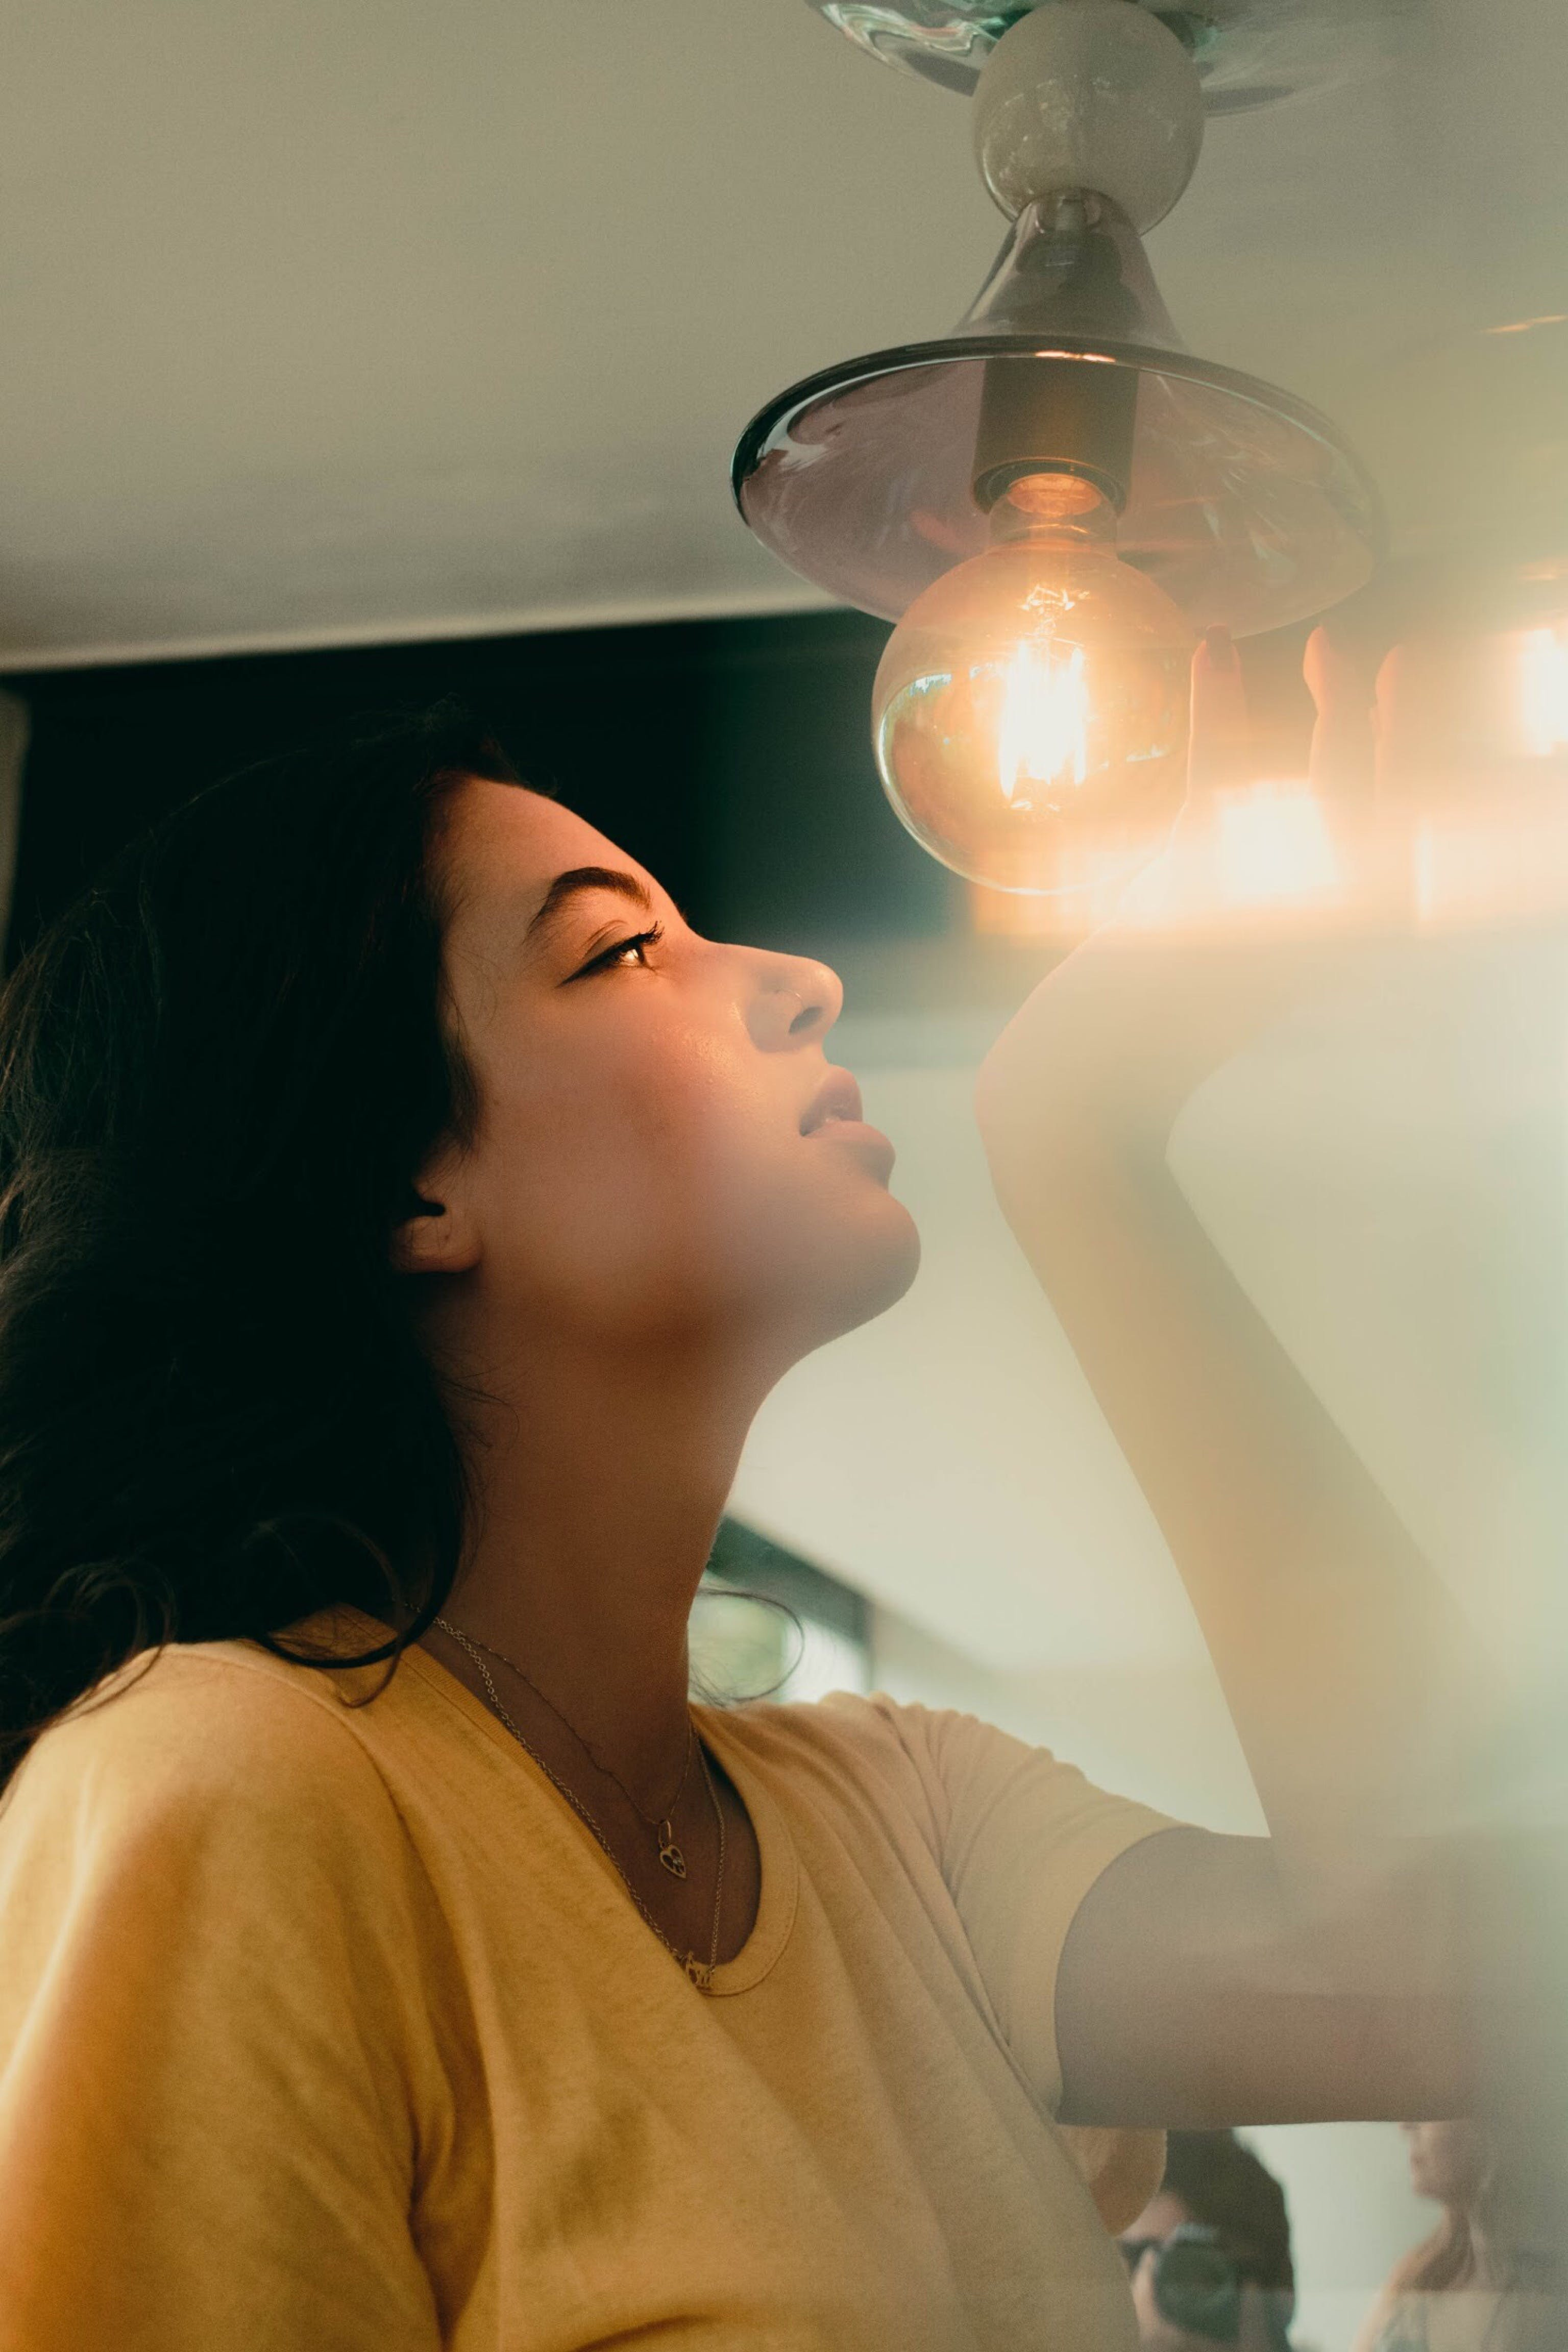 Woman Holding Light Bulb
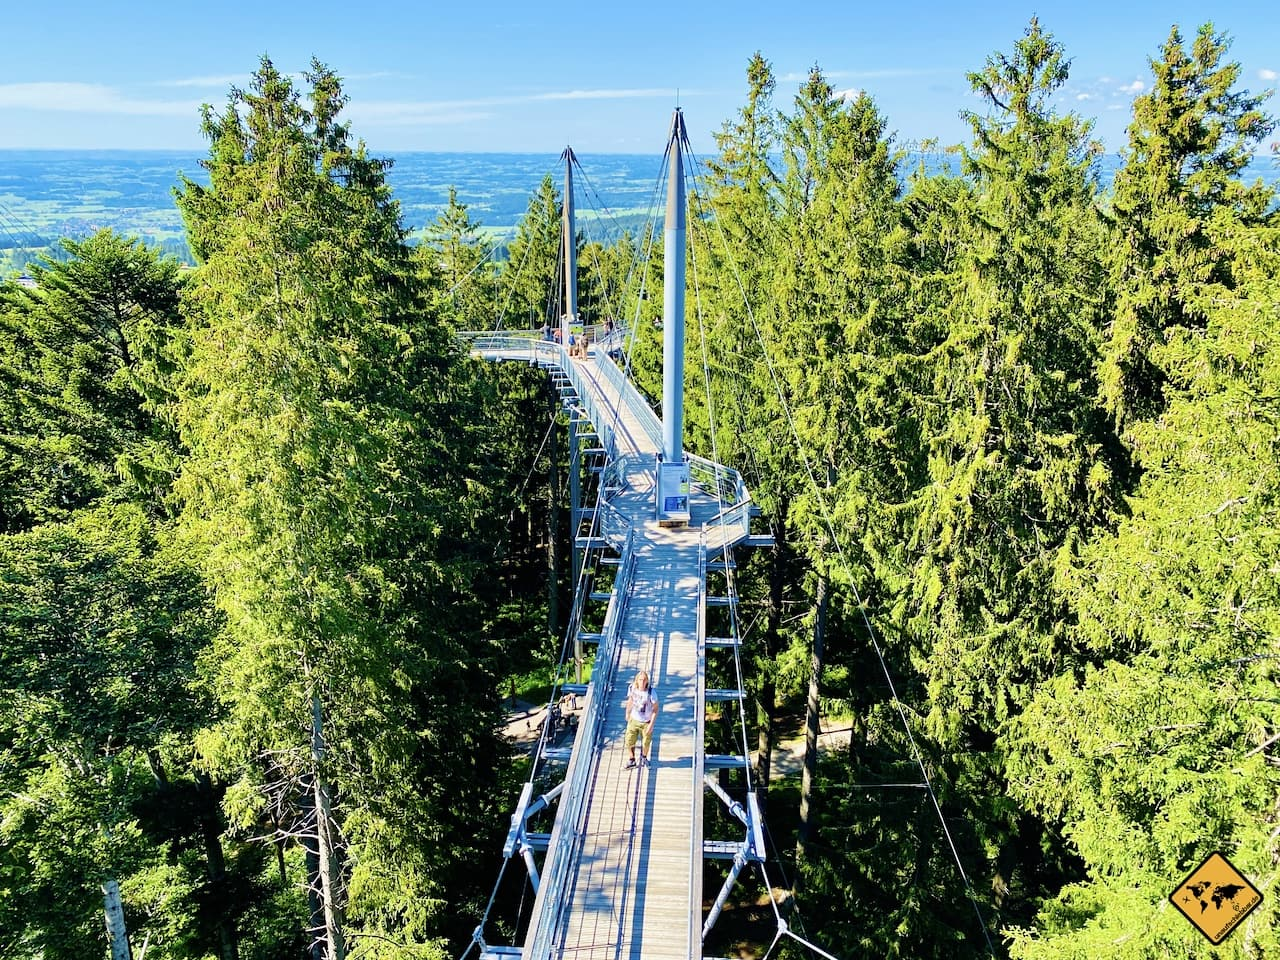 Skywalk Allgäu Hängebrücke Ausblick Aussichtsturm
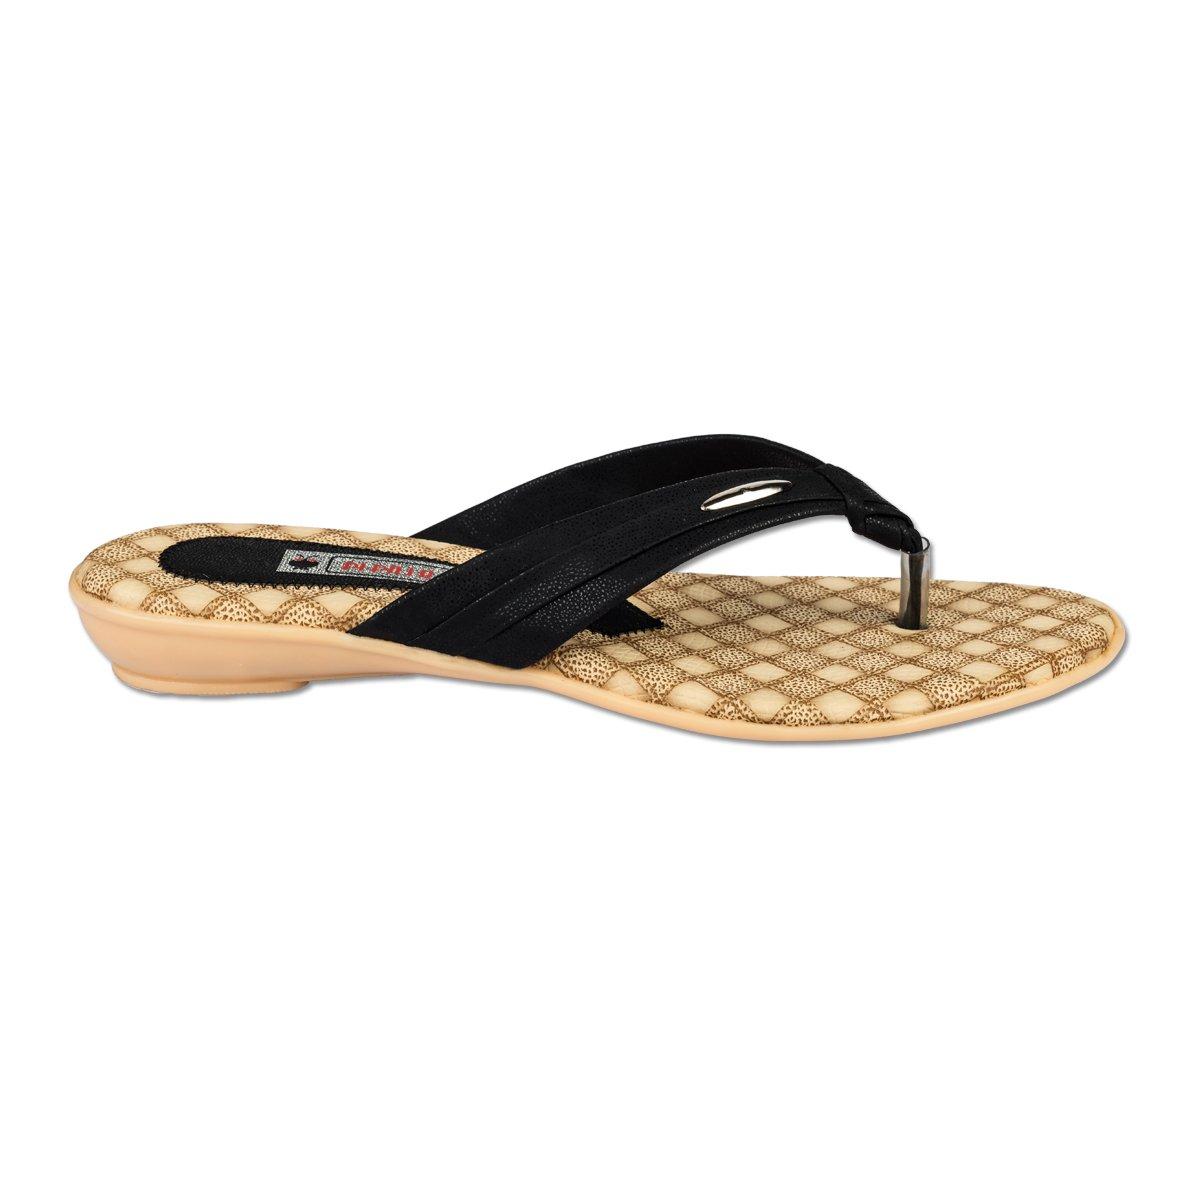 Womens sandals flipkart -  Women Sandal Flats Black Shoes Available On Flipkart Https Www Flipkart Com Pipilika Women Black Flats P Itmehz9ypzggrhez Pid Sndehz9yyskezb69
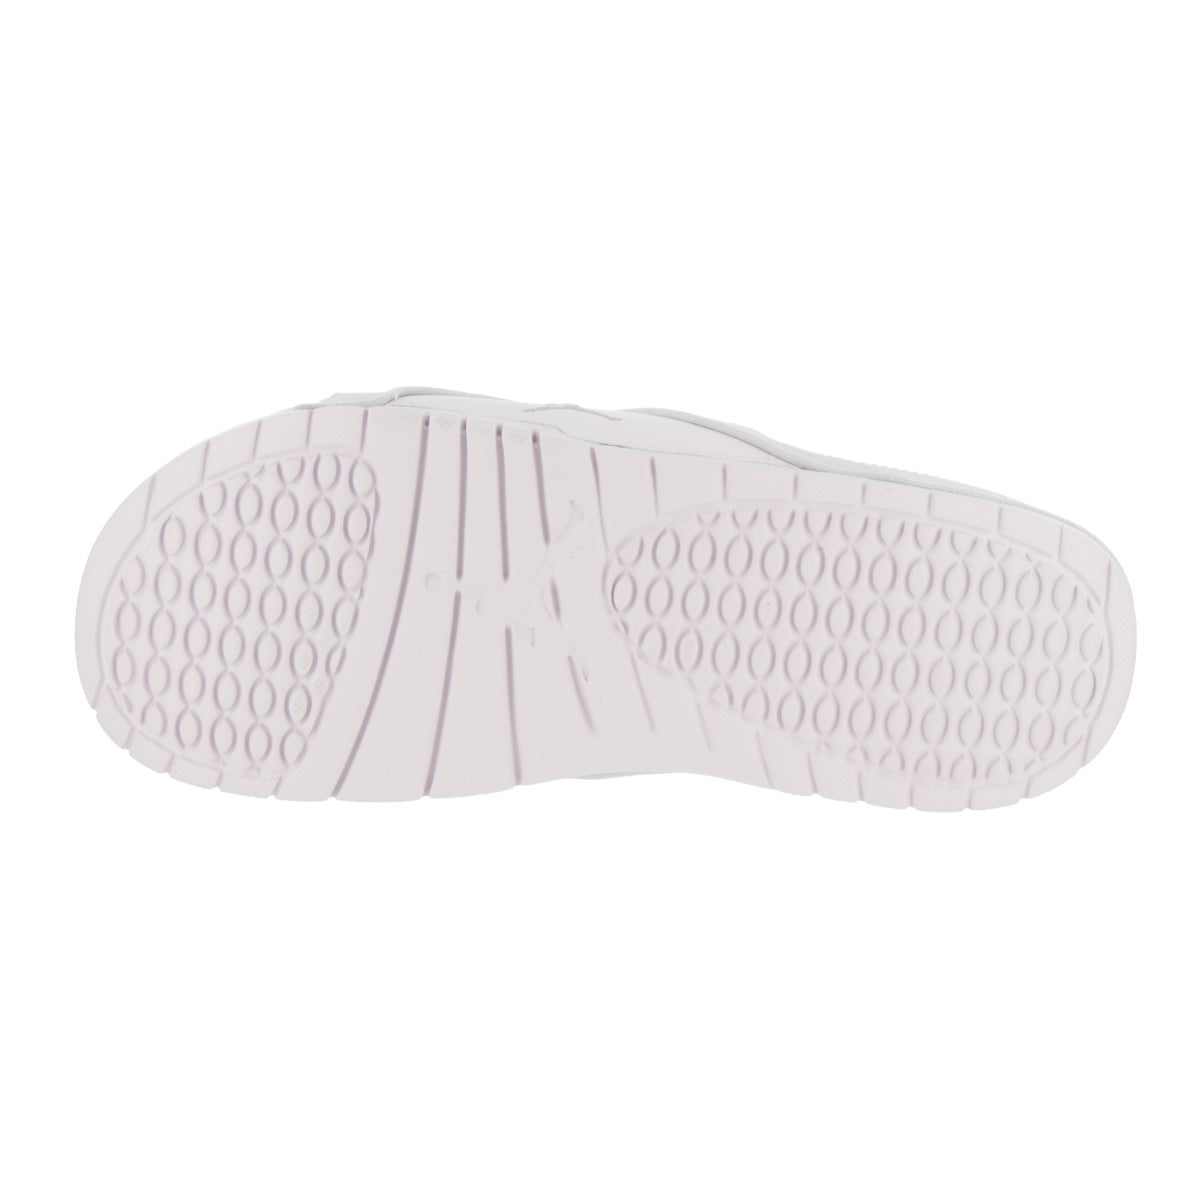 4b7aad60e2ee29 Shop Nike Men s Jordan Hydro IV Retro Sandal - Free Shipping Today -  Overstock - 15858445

══════════════════════════════

▸ YOUR TASK: Write out all of the data above exactly, without any of its pictures.

▸ EXERCISE SOLUTION:
 Woman Holding Light Bulb
 Skywalk Allgäu Hängebrücke Ausblick Aussichtsturm
 Womens sandals flipkart -  Women Sandal Flats Black Shoes Available On Flipkart Https Www Flipkart Com Pipilika Women Black Flats P Itmehz9ypzggrhez Pid Sndehz9yyskezb69
 4b7aad60e2ee29 Shop Nike Men s Jordan Hydro IV Retro Sandal - Free Shipping Today -  Overstock - 15858445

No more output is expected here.